I get the general idea though - economists are either foaming free-market fundamentalists or mindless automatons, sitting uncaring in their lairs, crunching numbers and models that have increasingly little relevance to the real world.

This anti-economics sentiment is widespread in the wash of the financial crisis and depression; it's rather reminiscent of the way that alternative medicine enthusiasts will point to failings like the Thalidomide or Vioxx scandals, ignoring the massive gains in life expectancy that evidence based medicine has given us. Compared to our parent's generation, we are incalculably richer, and not just in material terms- we enjoy a social freedom which has come about hand in hand with economic liberalisation.

Technology has earned a few laurels along the way, to be sure, but anyone who has seen the grainy footage of Khrushchev and Nixon debating their countries' scientific achievements in refrigeration and colour television respectively will remember Nikita Sergeyevich's words: "whoever can give more consumer goods to the people, that will be the best system"; it is the consumer-oriented economics of the West which has won that contest hands-down.

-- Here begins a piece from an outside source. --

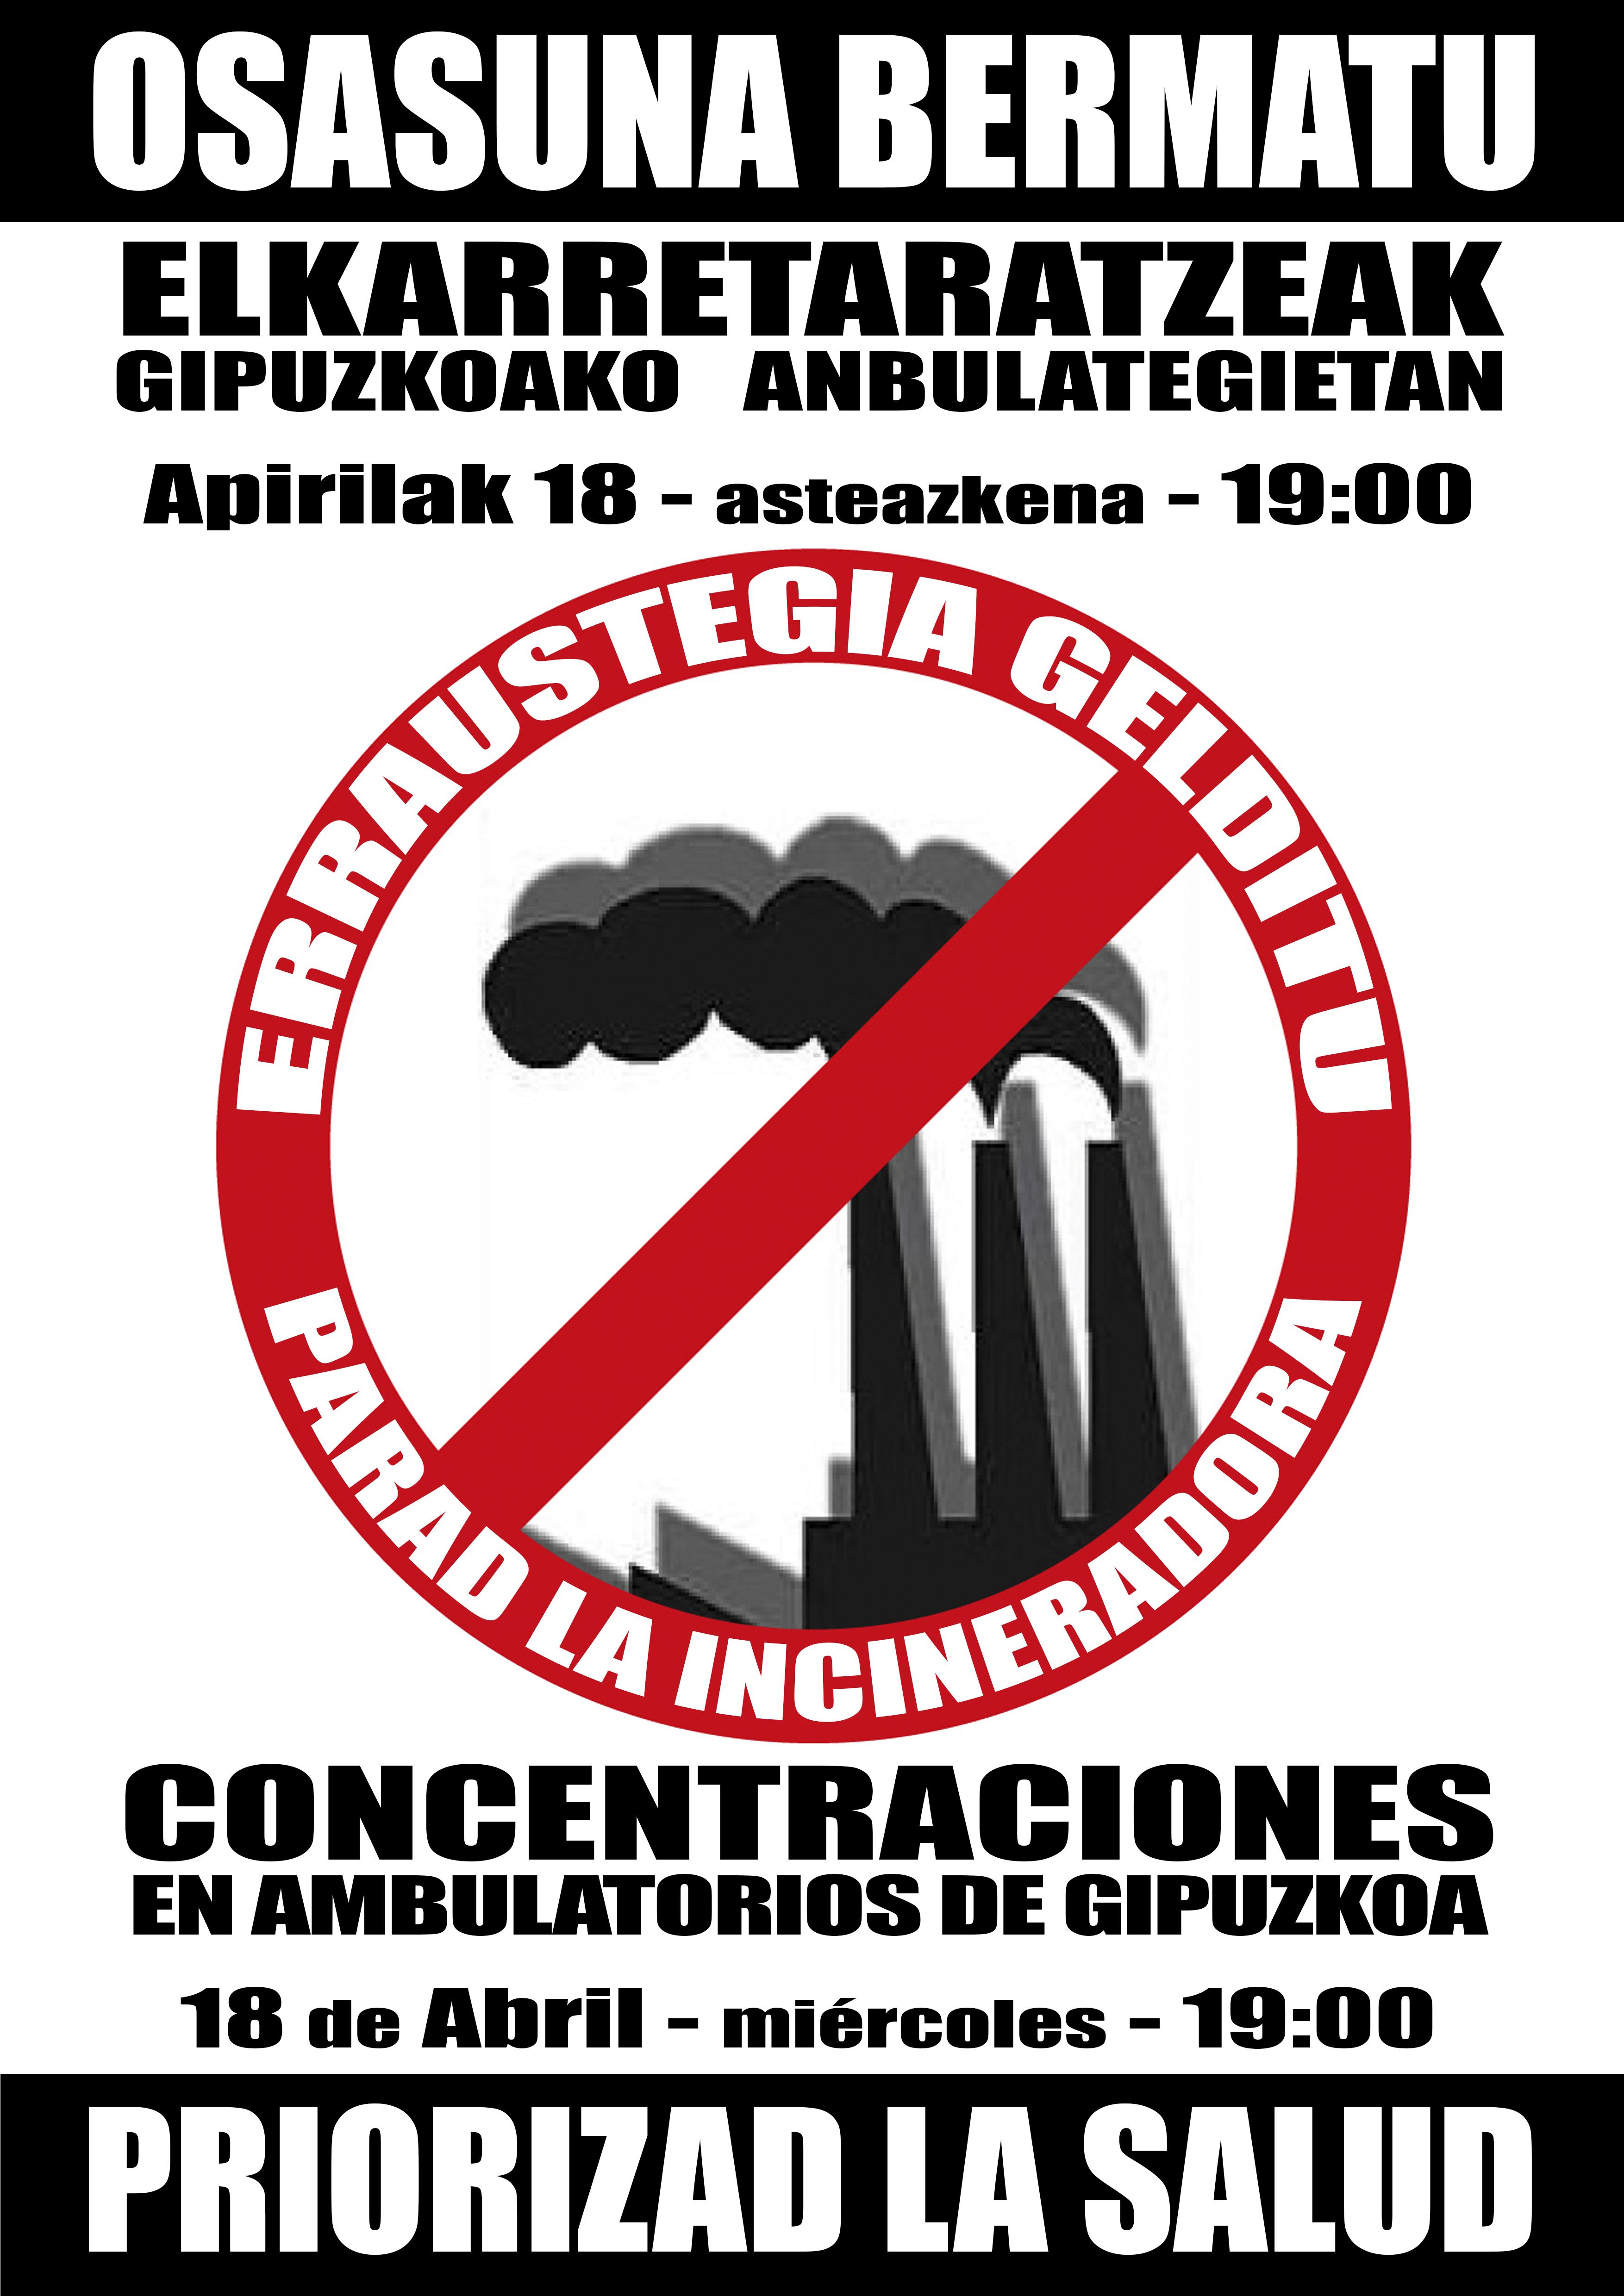 Hora de movilizarse: el 18 de abril concentraciones en los ambulatorios

All the same though, Moore raises some important points, particularly about corruption and mis-selling of financial instruments during the bubble. She is right to criticise the unwillingness of many regulators and academics to investigate the findings of the few who dared question the models behind some of these products, but it remains economists who first highlighted the fact that there was a problem and it is economists who are working on potential solutions, using transparent prediction markets which reward those who see the dark clouds on the horizon.

Also understandable is criticism of the over-reliance on risk pricing models which have no human input whatsoever - it's horrible to think of your mortgage application being rejected despite your years of diligent saving because you happen to live just over the border of a particularly profligate postcode. Those who want a return to the fabled Captain Mainwaring bank manager of old should remember though that the toll of human error is often far greater and in many cases far more corrupt and discriminating: a risk spreadsheet is unlikely to deny anybody credit for being an unaccompanied woman, an all too common experience prior to the computerisation of consumer credit.

The real PR problem for economics is that it is ultimately, as Alfred Marshall put it "on the one side, the study of wealth and on the other and more important side, a part of the study of man," and economics and economists get a lot of the blame for the actions of a species which they are only trying to describe.

There is something to the stereotype that economists tend to go about their work with less feeling than others professions might, but even this is changing: I can offer you the words of Wharton's Justin Wolfers on becoming a father (coparenting with another economist, Betsey Stevenson at Princeton):

"Today, I feel the powerful force of biology. It's visceral; it's real; it's hormonal, and it's not in our economic models. I'm helpless in the face of feelings that overwhelm me."